Visualize the differences:

energy[(energy.index < test_start_dt) & (energy.index >= train_start_dt)][['load']].rename(columns={'load':'train'}) \
    .join(energy[test_start_dt:][['load']].rename(columns={'load':'test'}), how='outer') \
    .plot(y=['train', 'test'], figsize=(15, 8), fontsize=12)
plt.xlabel('timestamp', fontsize=12)
plt.ylabel('load', fontsize=12)
plt.show()

Therefore, using a relatively small window of time for training the data should be sufficient.

Note: Since the function we use to fit the ARIMA model uses in-sample validation during fitting, we will omit validation data.

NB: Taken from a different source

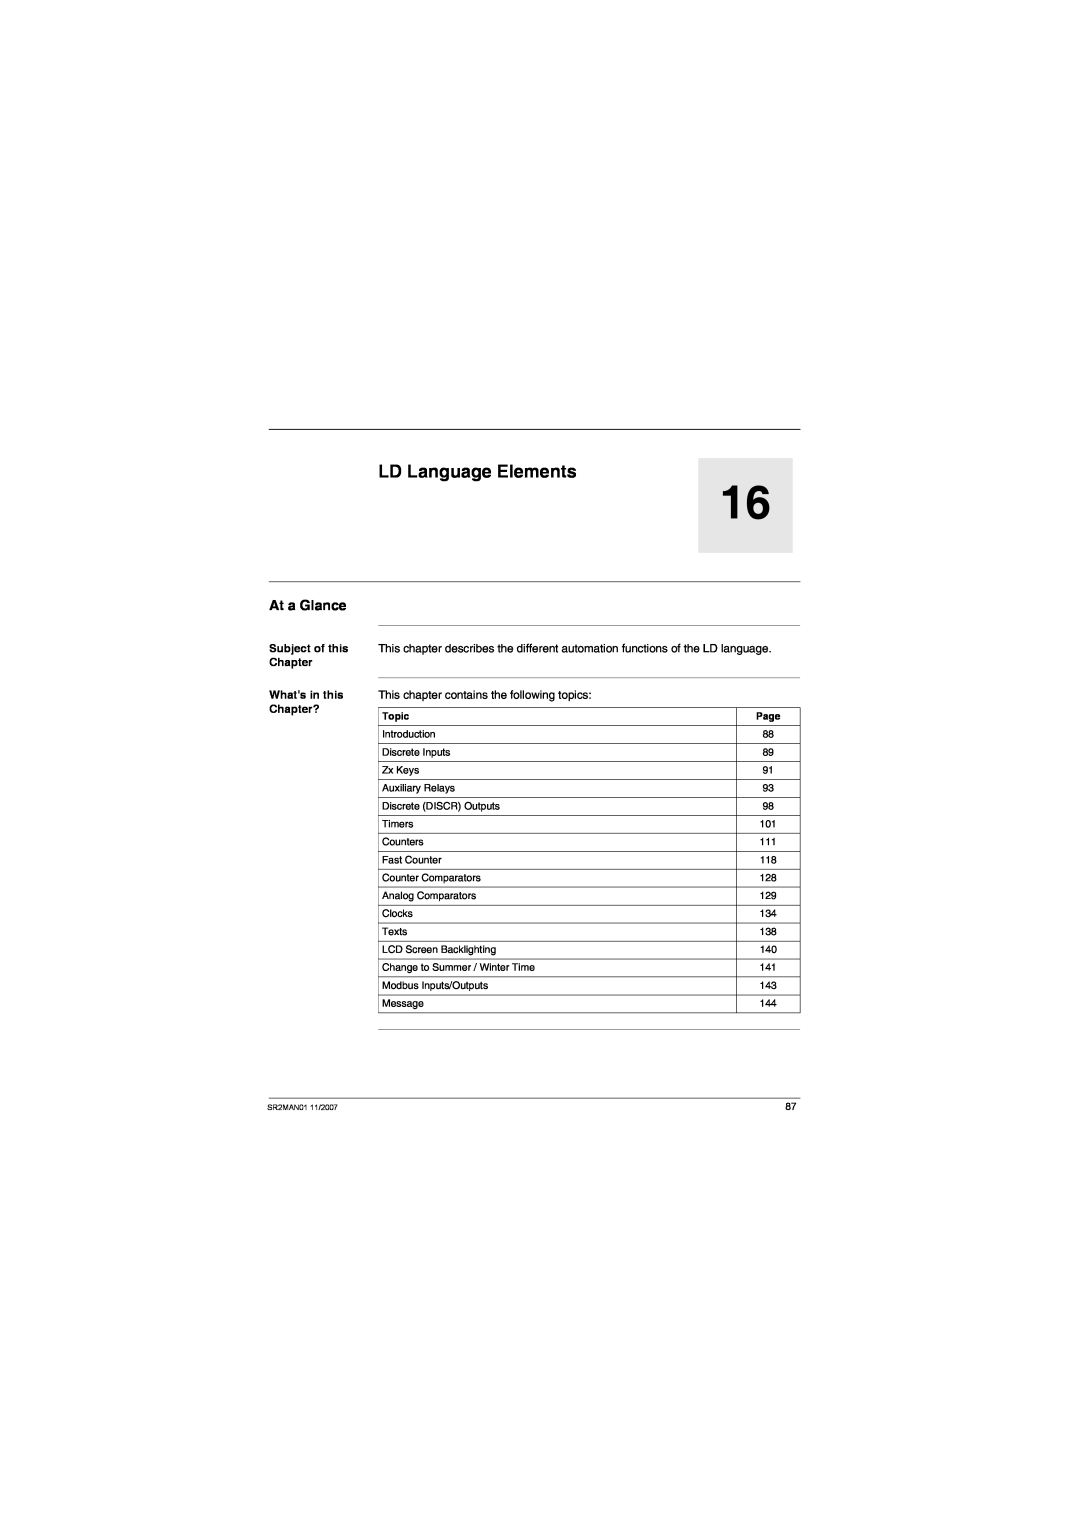 Schneider Electric SR2MAN01 LD Language Elements, At a Glance, Subject of this Chapter Whats in this Chapter?, Topic, Page 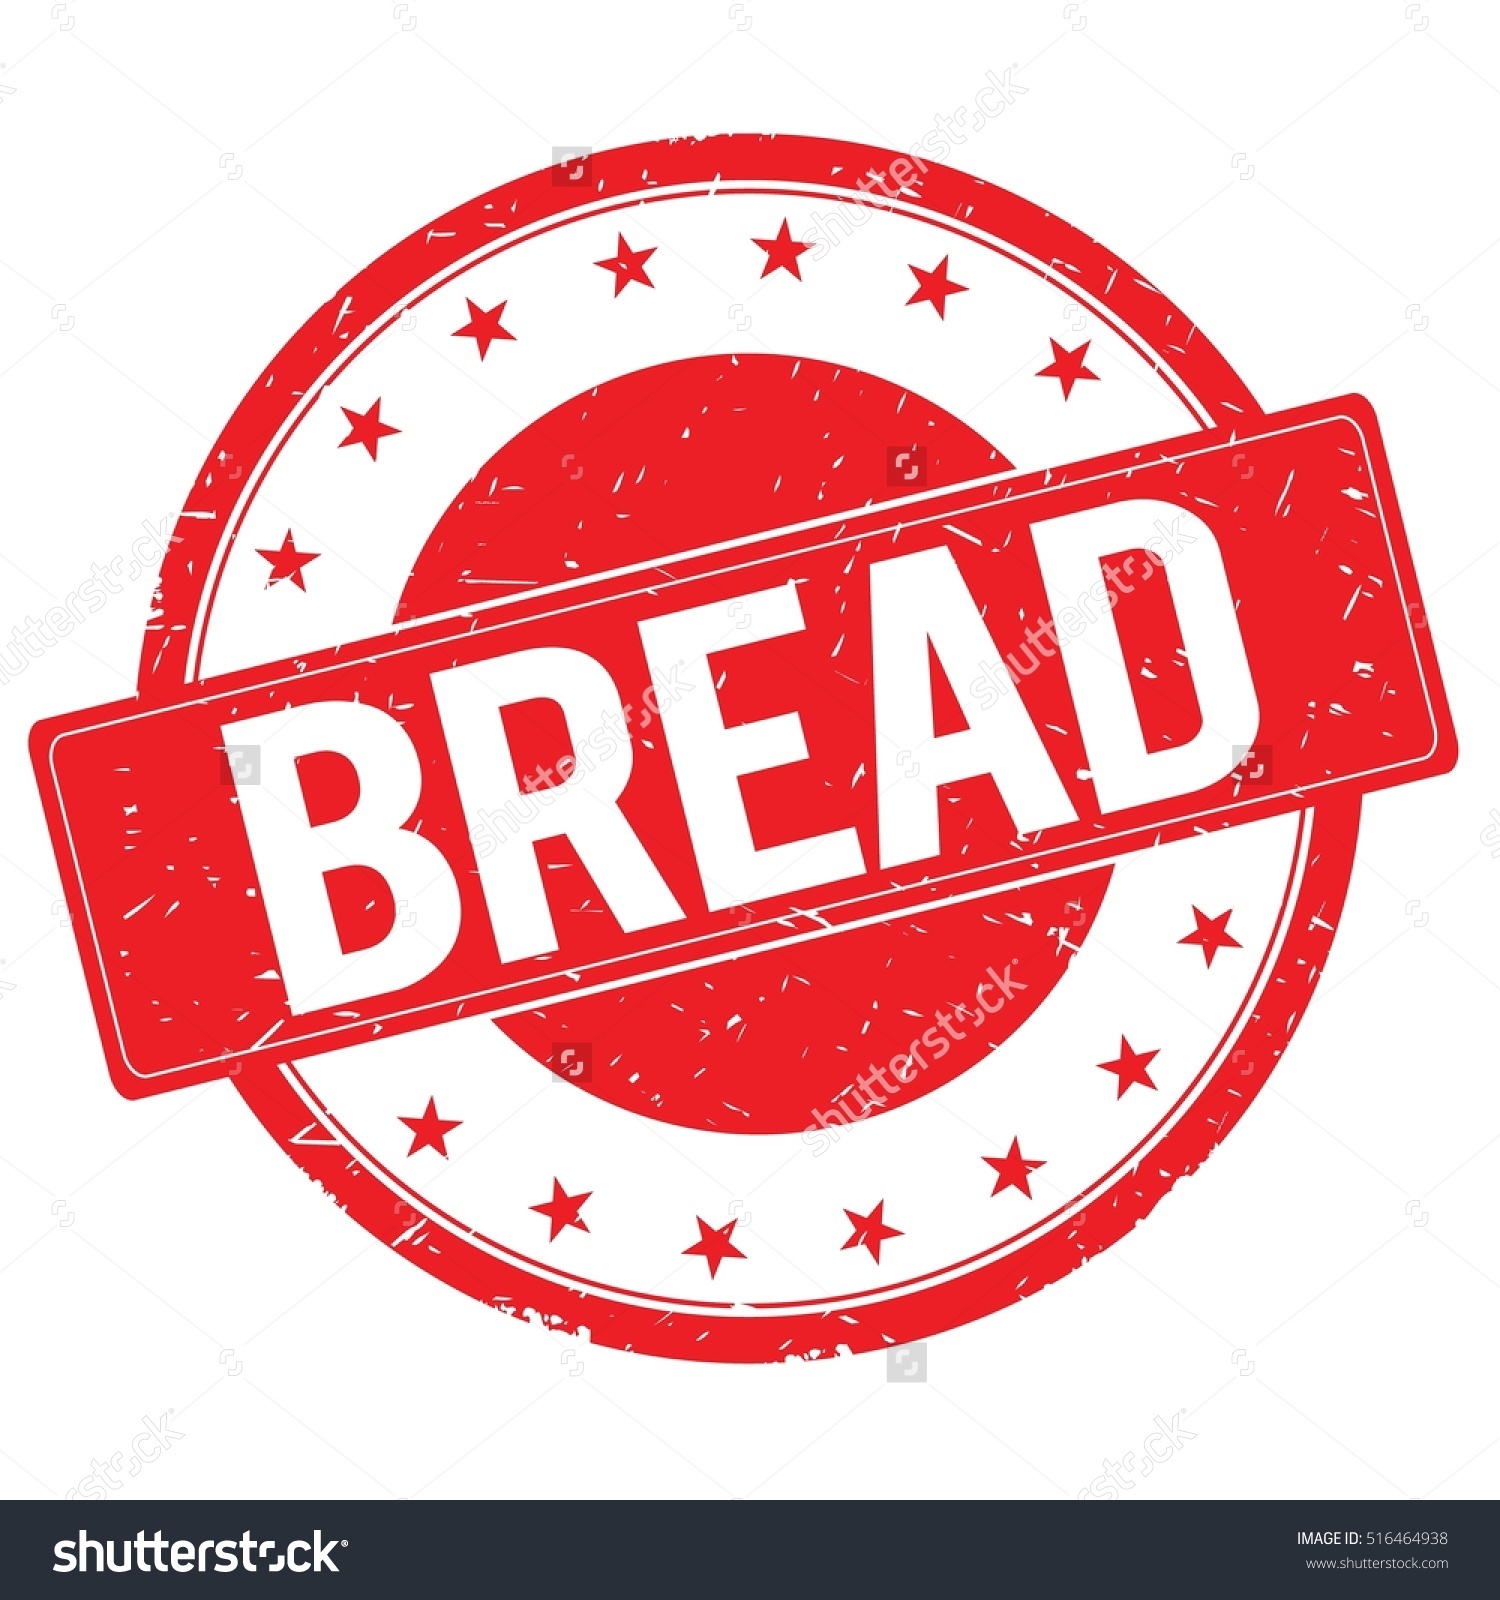 Bread Stamp Sign Text Word Logo Stock Illustration 516464938.

Prepare the data for training

Now, you need to prepare the data for training by performing filtering and scaling of your data. Filter your dataset to only include the time periods and columns you need, and scaling to ensure the data is projected in the interval 0,1.

Filter the original dataset to include only the aforementioned time periods per set and only including the needed column 'load' plus the date:

train = energy.copy()[(energy.index >= train_start_dt) & (energy.index < test_start_dt)][['load']]
test = energy.copy()[energy.index >= test_start_dt][['load']]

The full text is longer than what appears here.